Problem to solve:
Reproduce the data that follows character for character, but omit its pictures.

Supplied material:
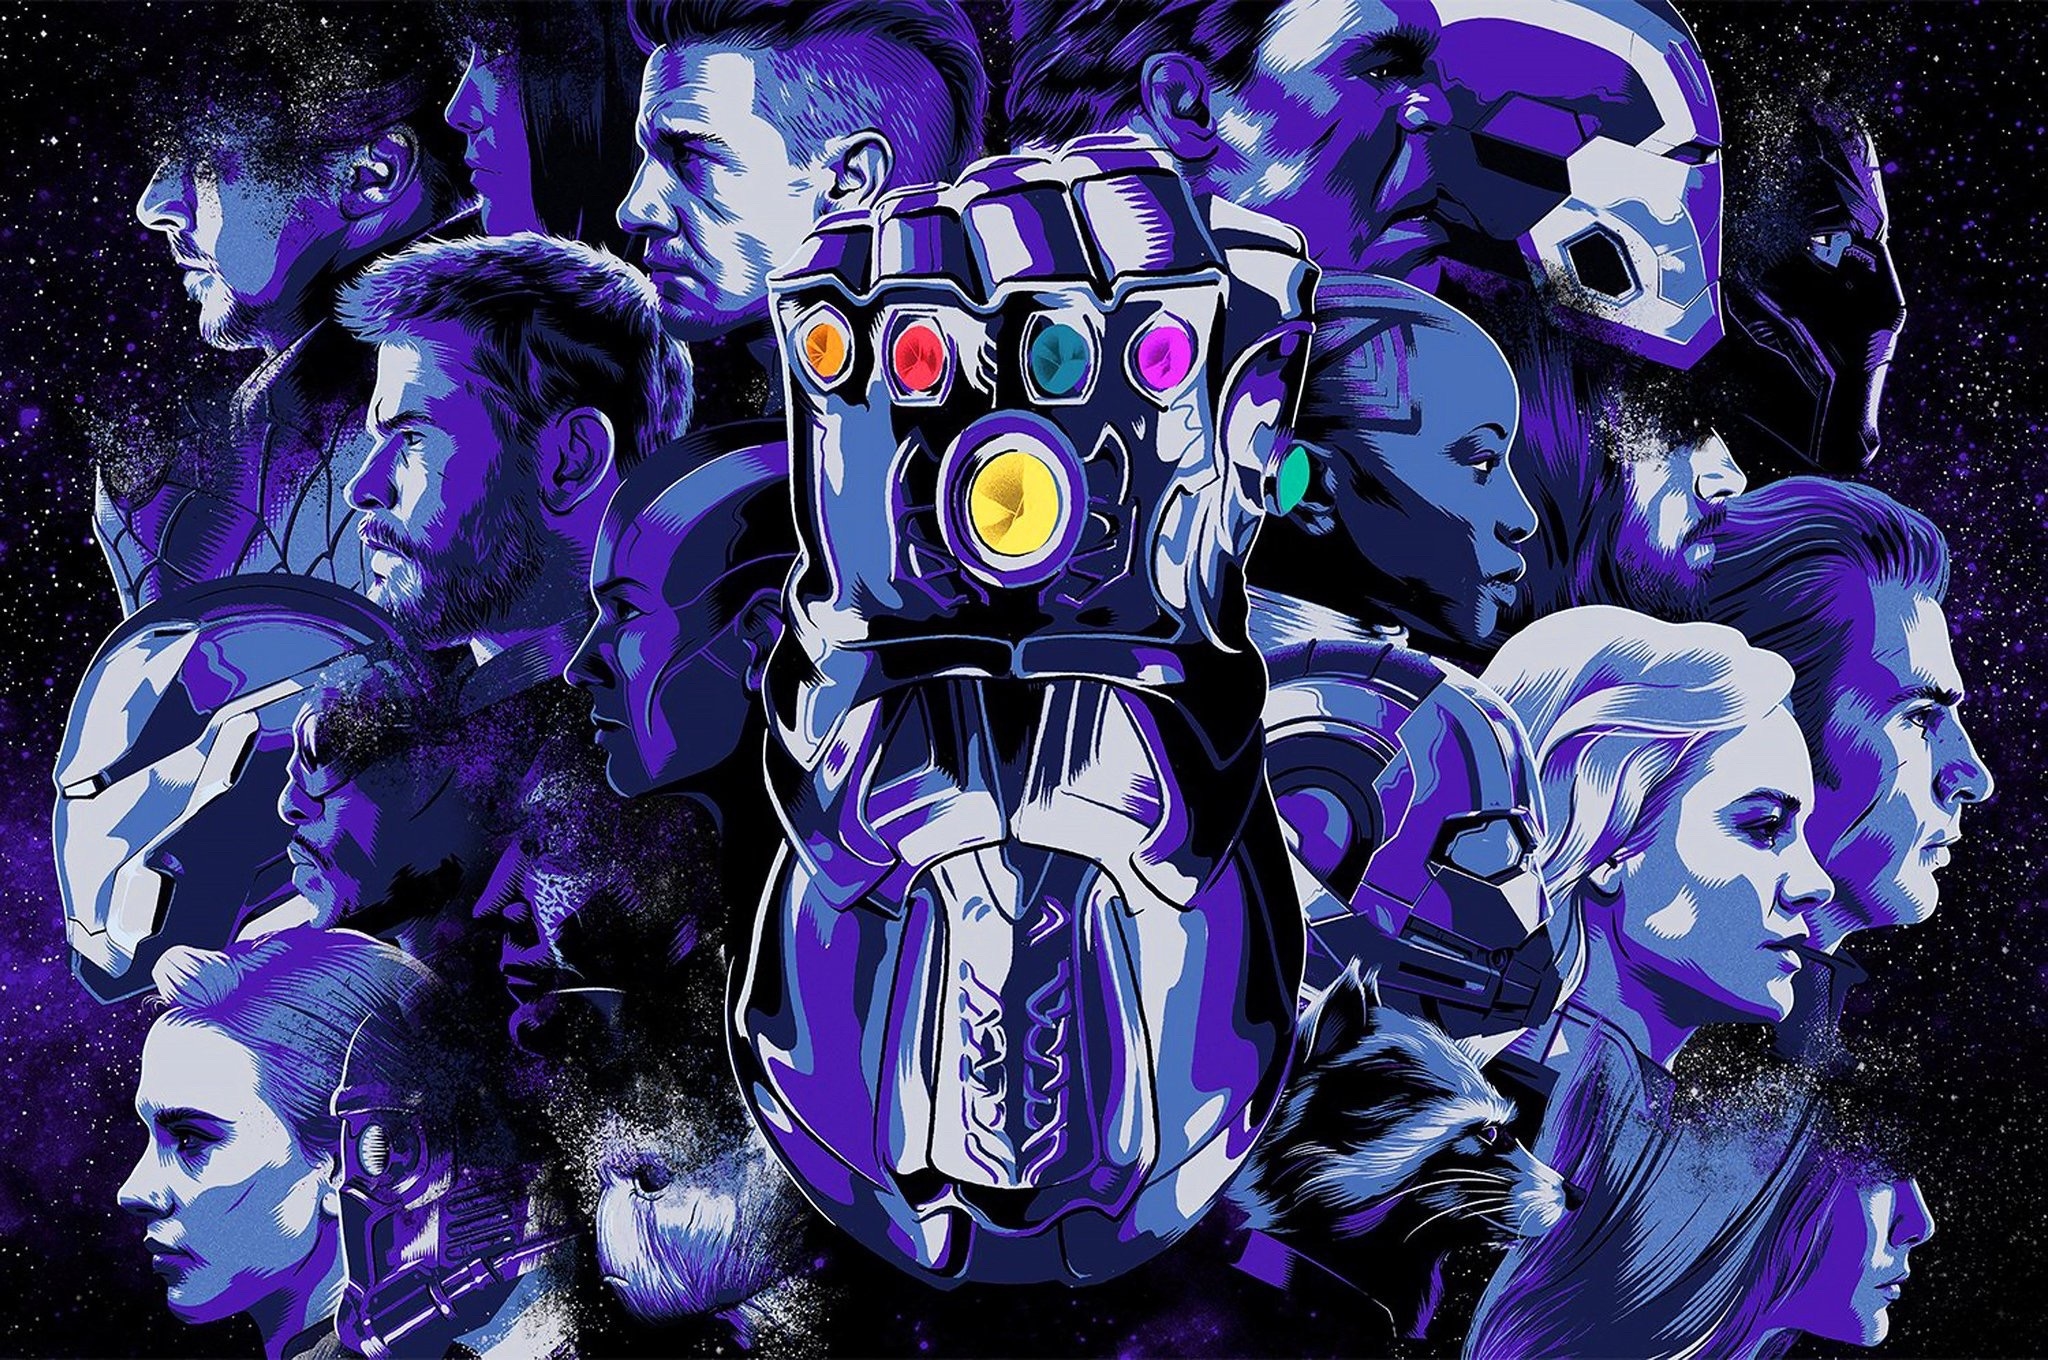  Avengers  Endgame  Cover Art Wallpaper  HD  Movies 4K 
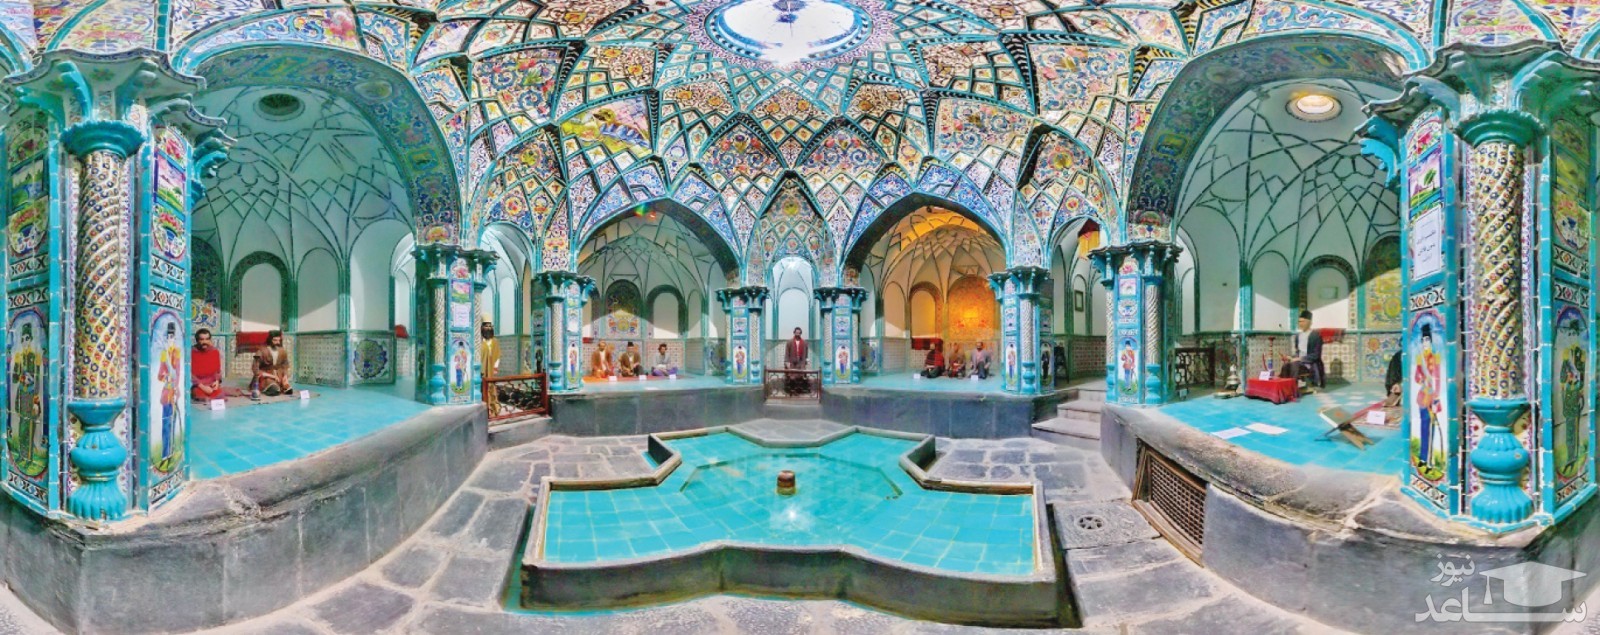 آشنایی با پیشینه و آداب و رسوم حمام های ایران
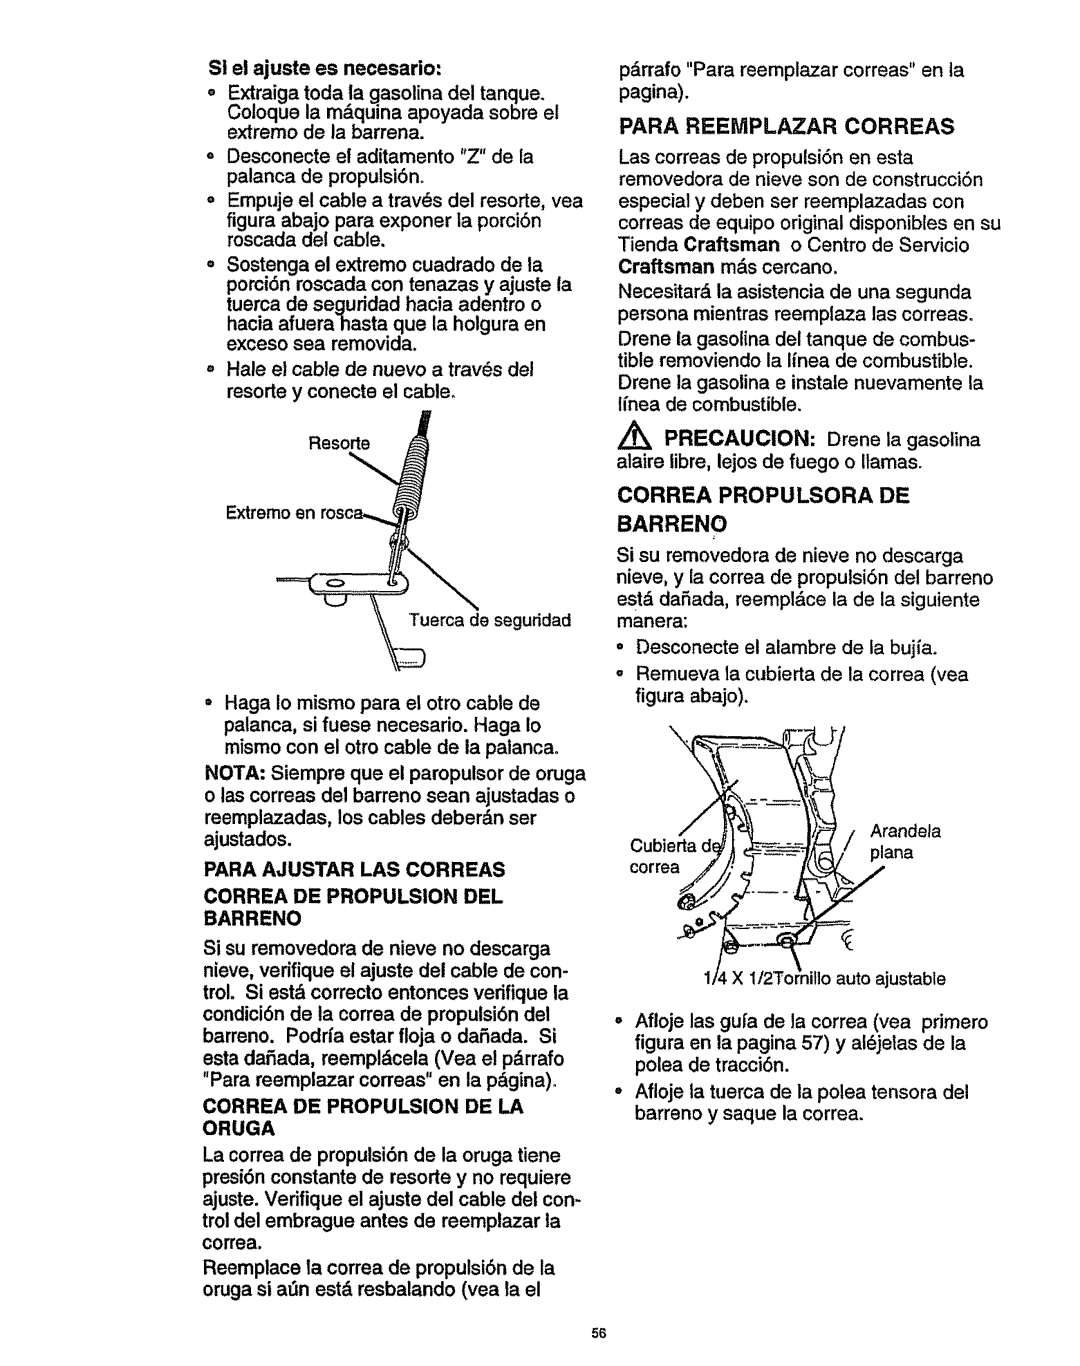 Craftsman 536.886141 manual Para Reemplazar Correas, Correa Propulsora DE, Correa DE Propulsion DE LA Oruga 
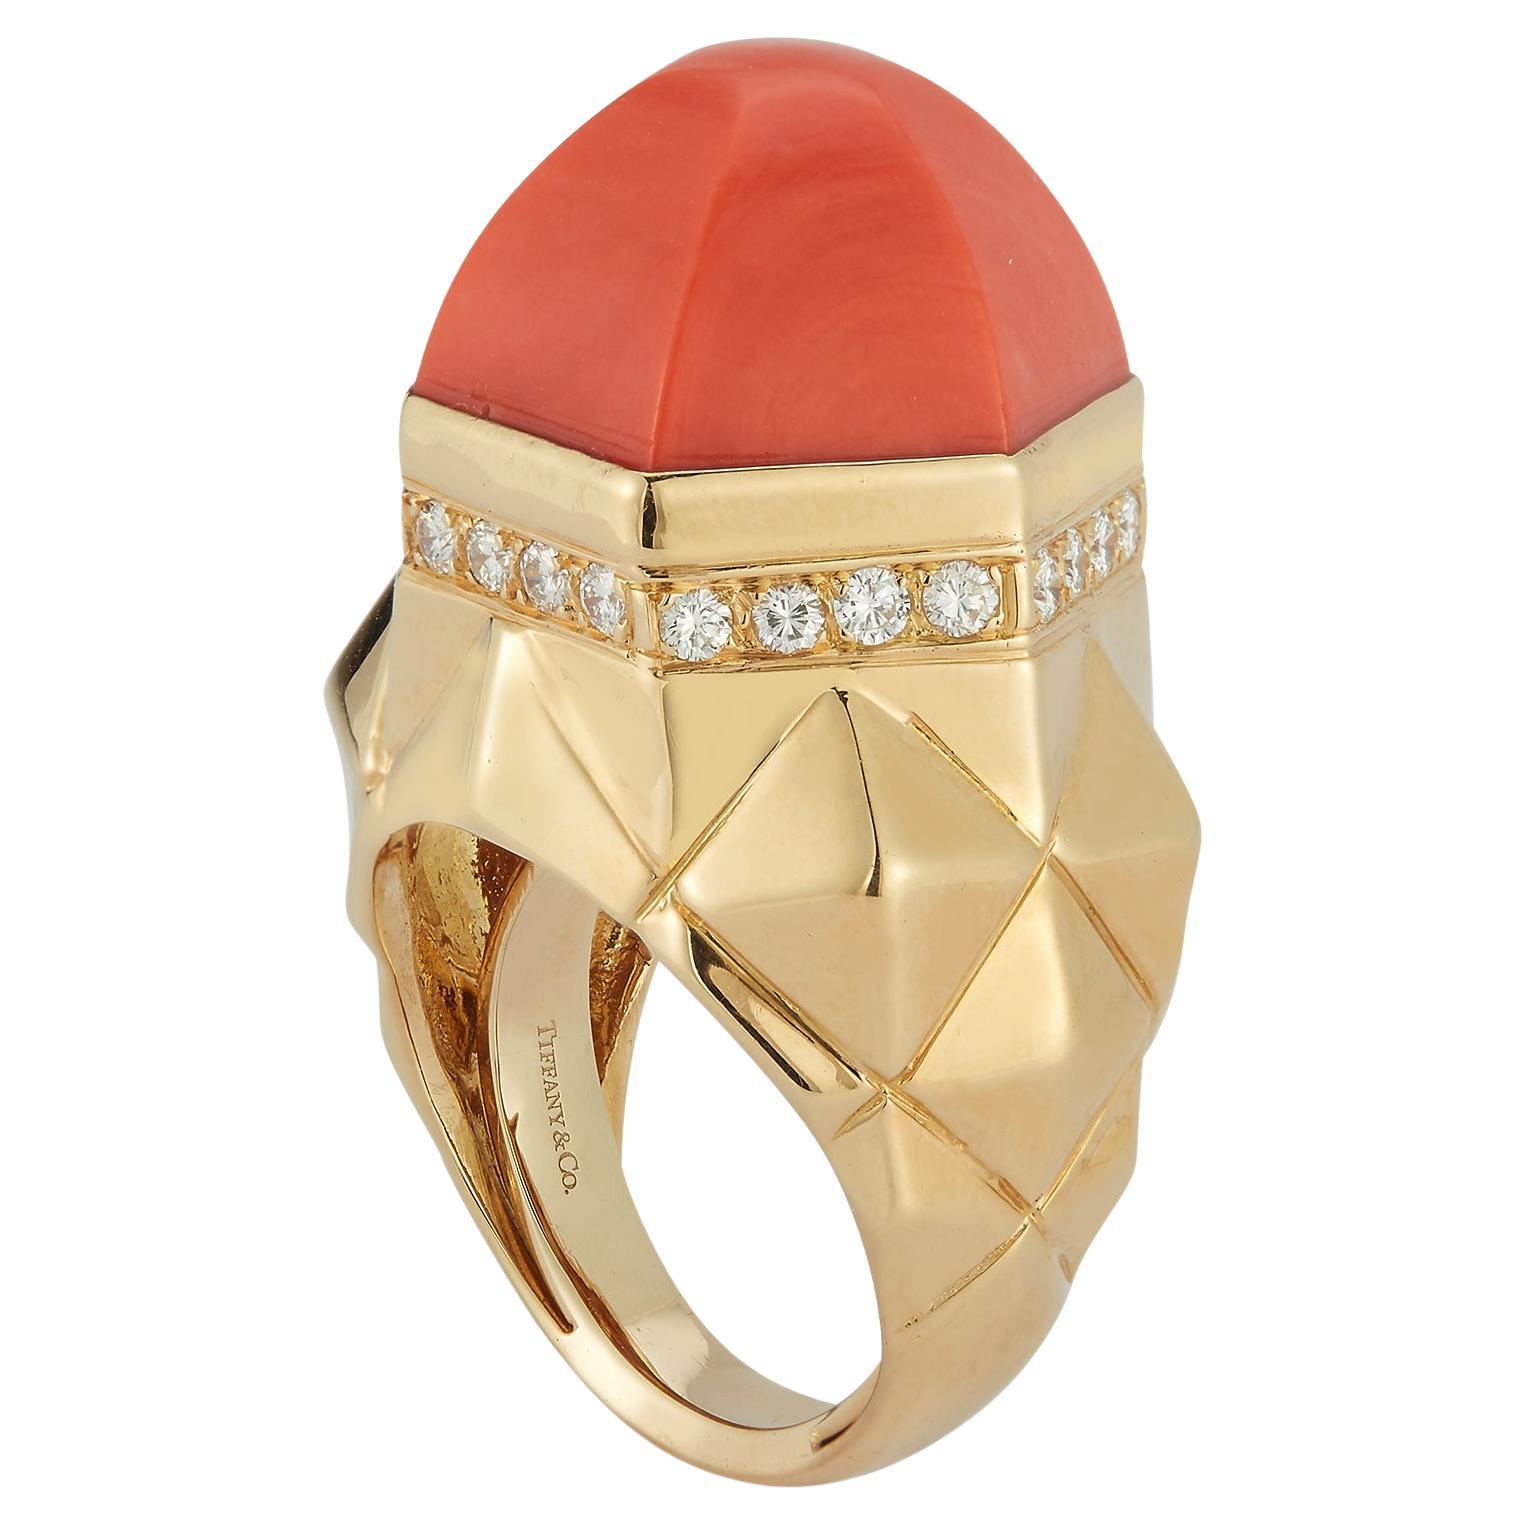 Co. von Tiffany und Co. Kuppel-Ring mit Koralle und Diamant

Response:
  Avengers  Endgame  Cover Art Wallpaper  HD  Movies 4K 
 آشنایی با پیشینه و آداب و رسوم حمام های ایران
 Craftsman 536.886141 manual Para Reemplazar Correas, Correa Propulsora DE, Correa DE Propulsion DE LA Oruga 
 Co. von Tiffany und Co. Kuppel-Ring mit Koralle und Diamant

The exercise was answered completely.